→ The problem: Repeat the listing word for word, but skip any pictures.

→ Data provided:
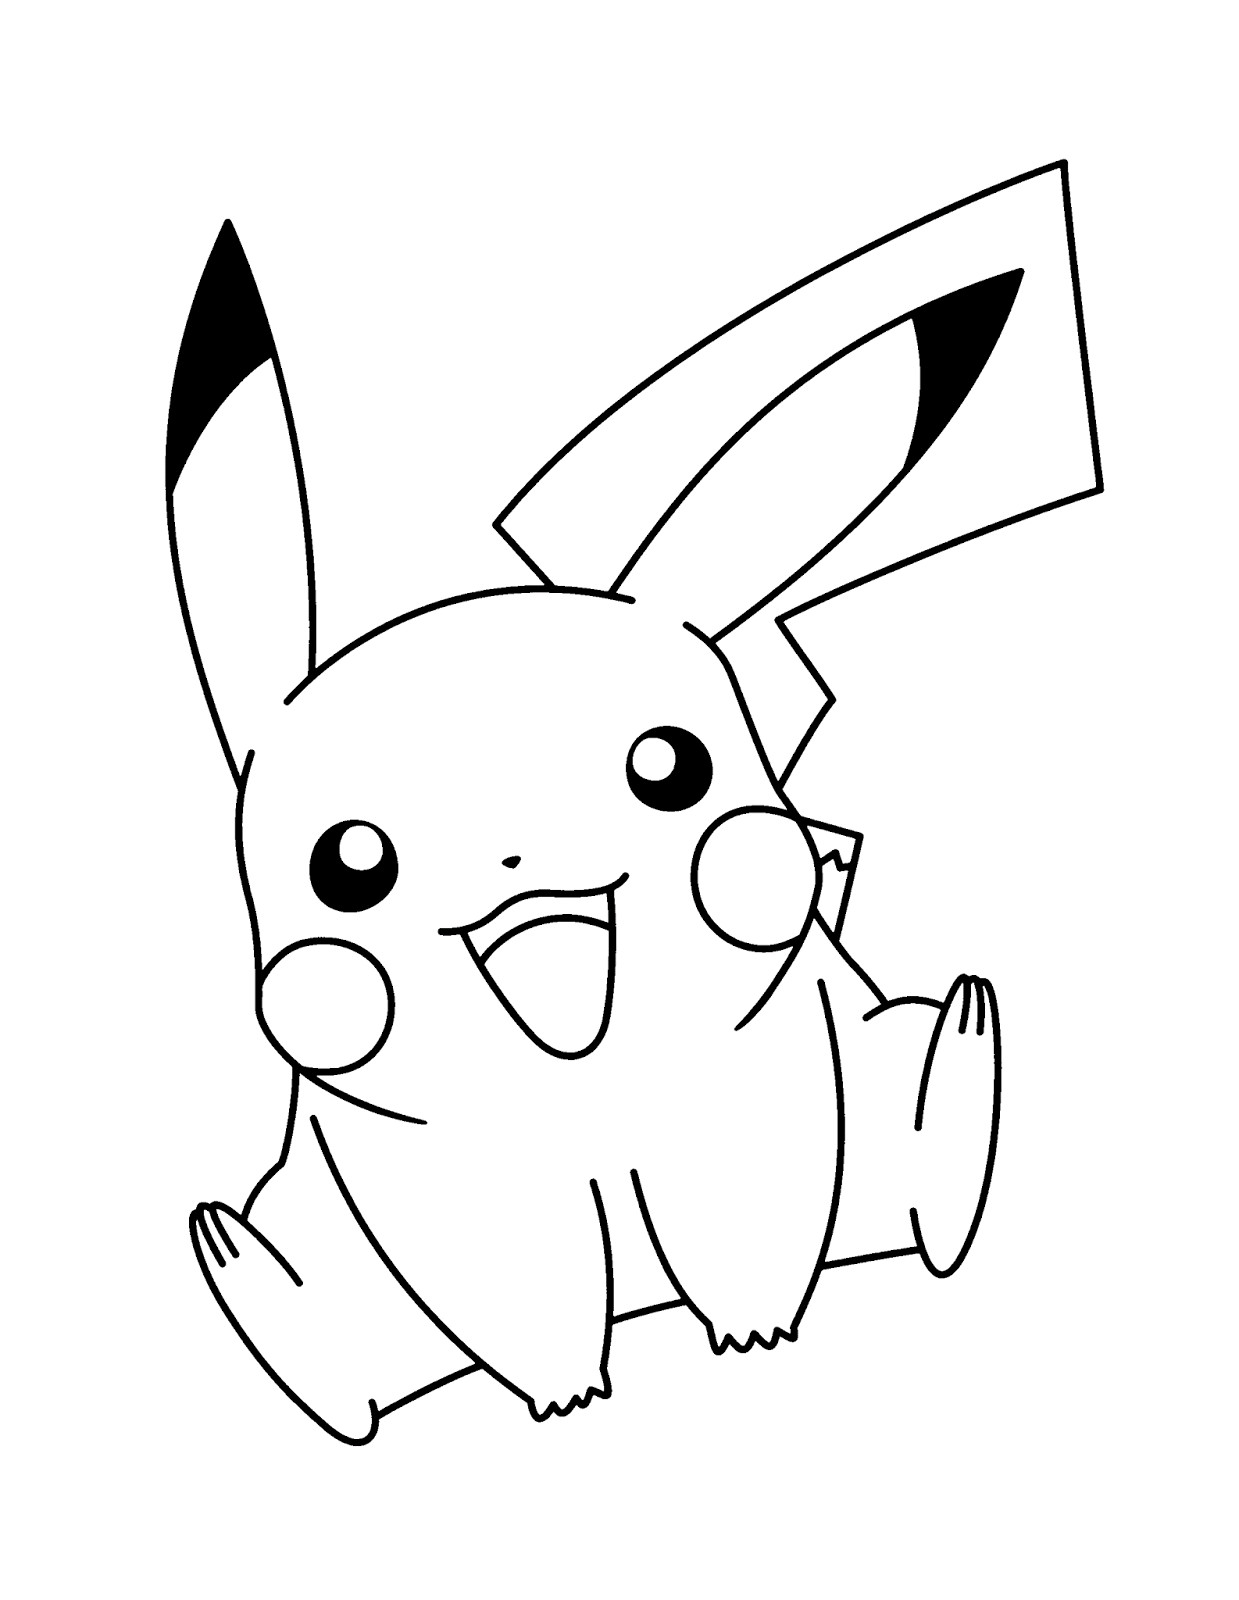 Pokemon Ausmalbilder Pikachu
 PIKACHU AUSMALBILD Malvorlage Gratis
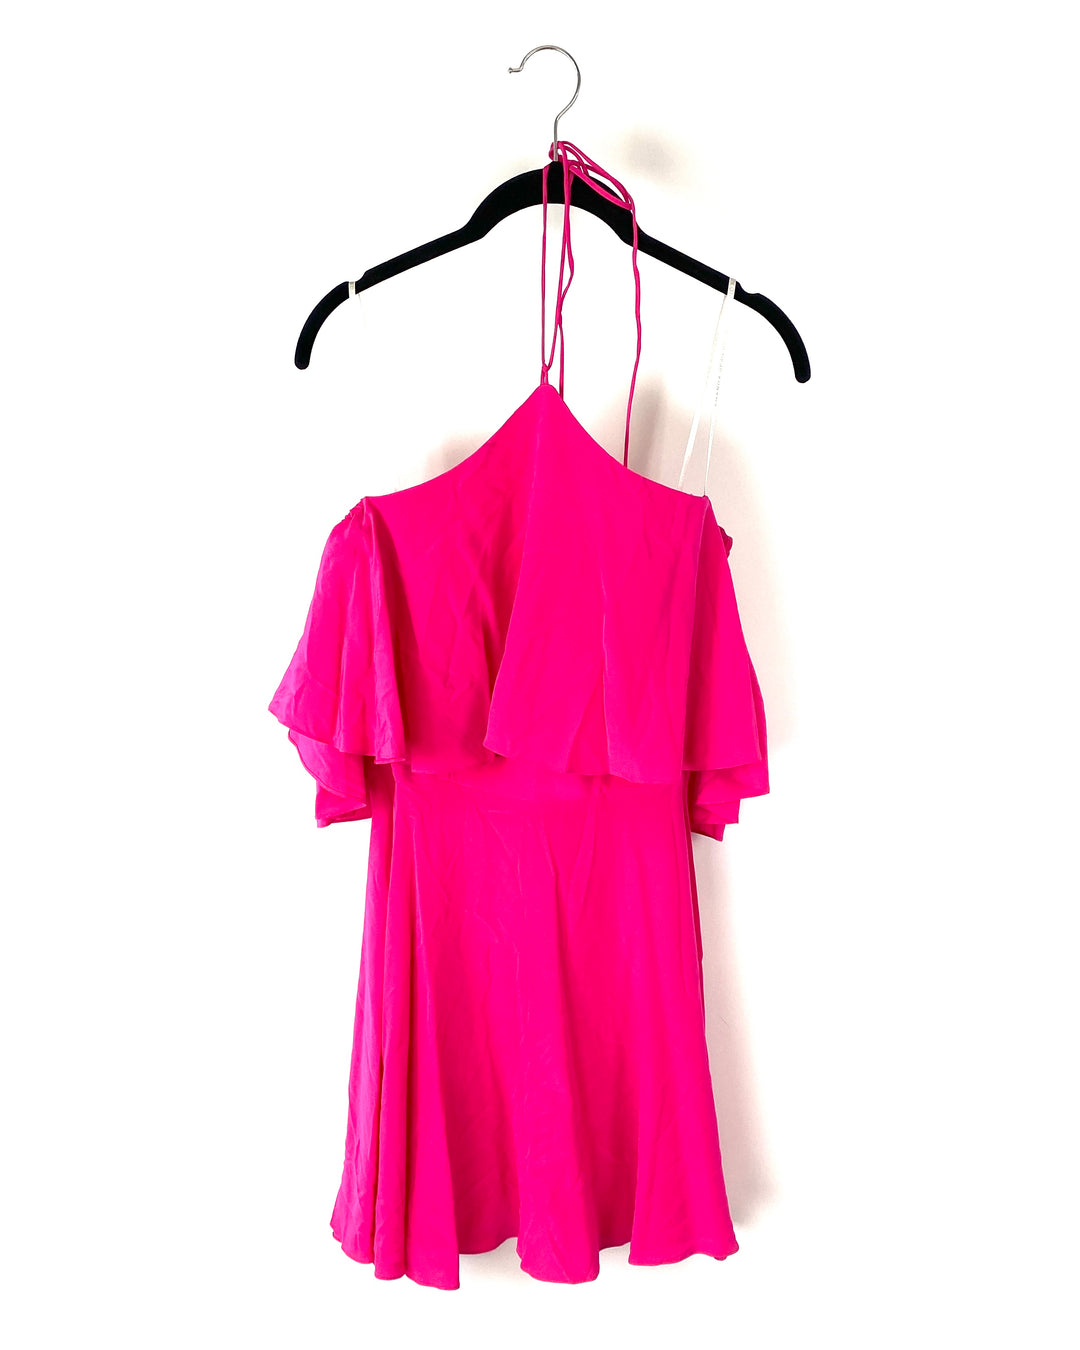 Hot Pink Dress - Size 4-6
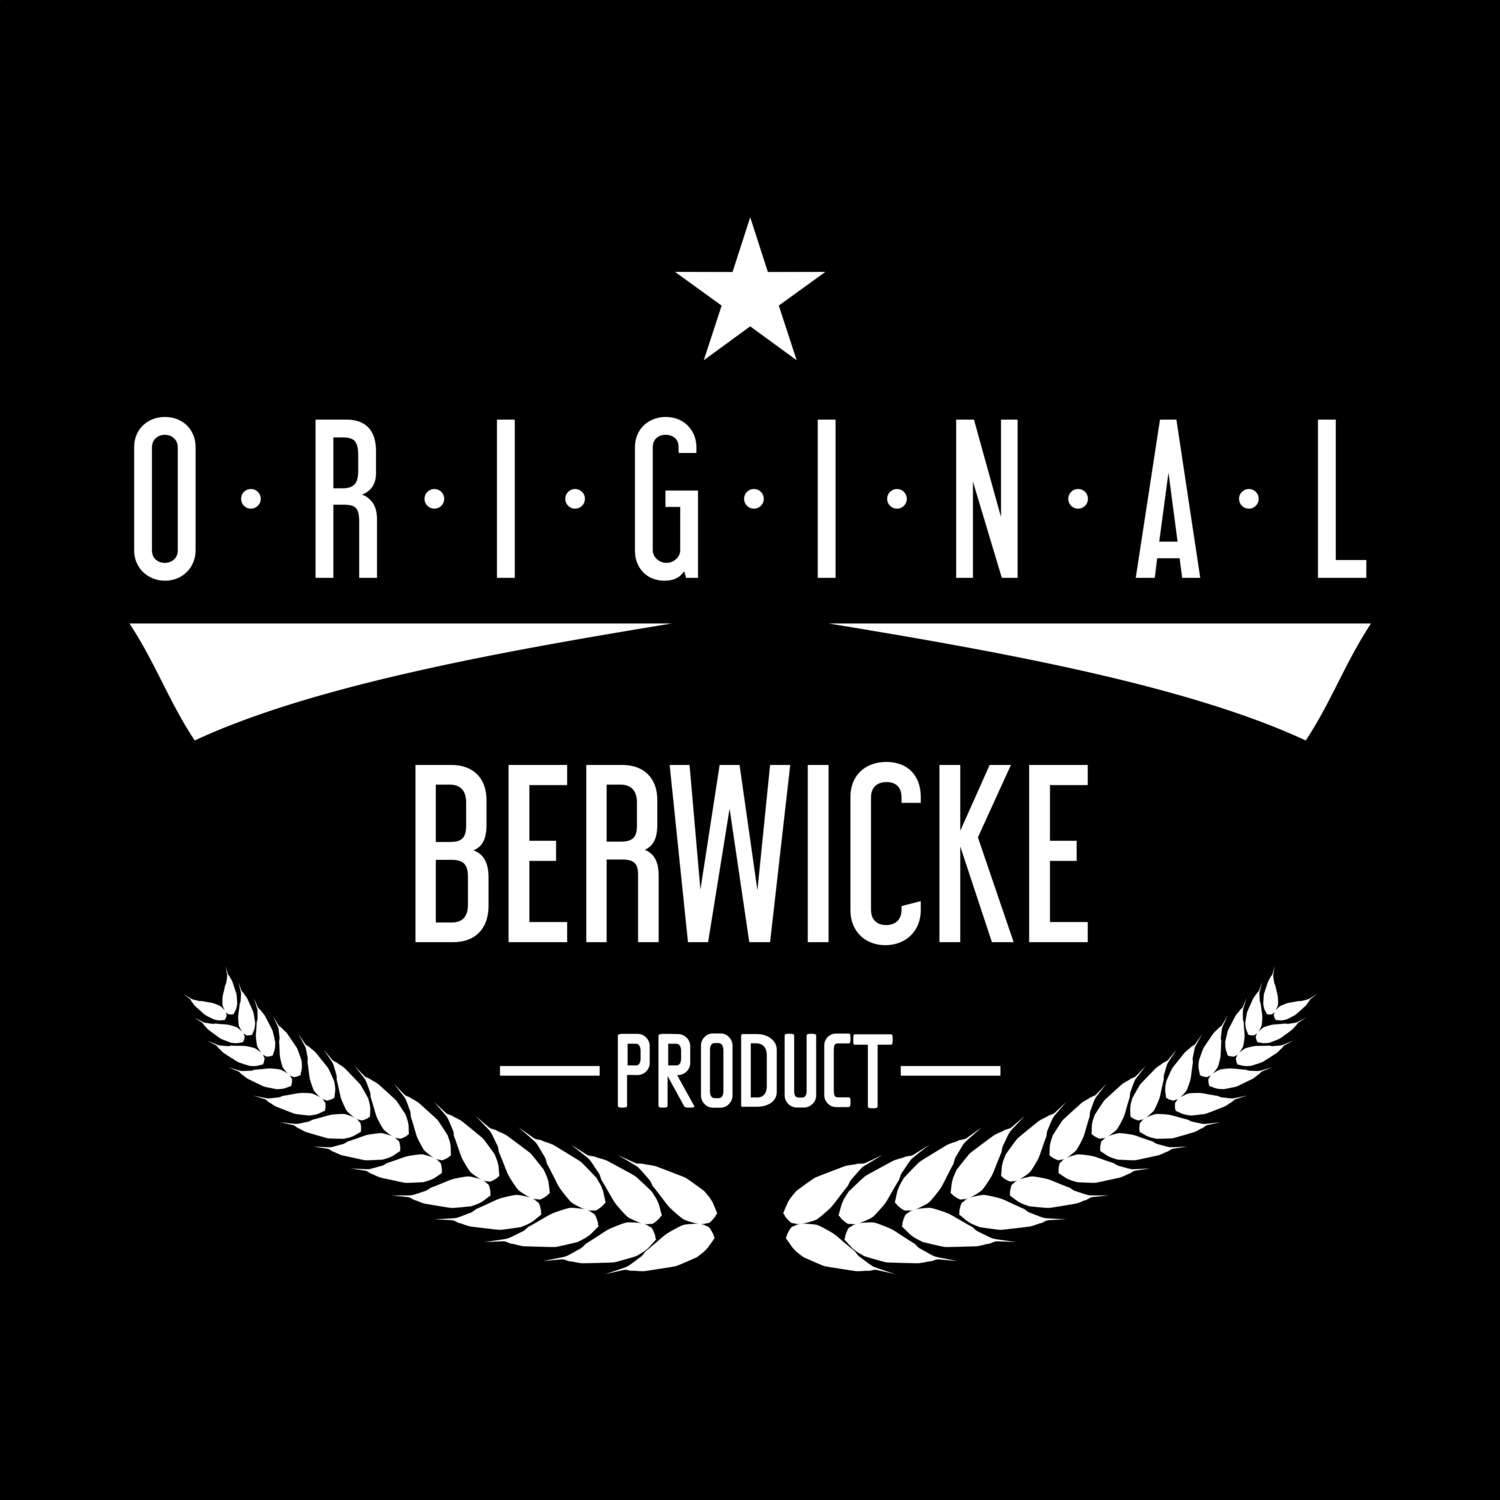 Berwicke T-Shirt »Original Product«

→ Response to this exercise:
 Pokemon Ausmalbilder Pikachu
 PIKACHU AUSMALBILD Malvorlage Gratis
 Hot Pink Dress - Size 4-6
 Berwicke T-Shirt »Original Product«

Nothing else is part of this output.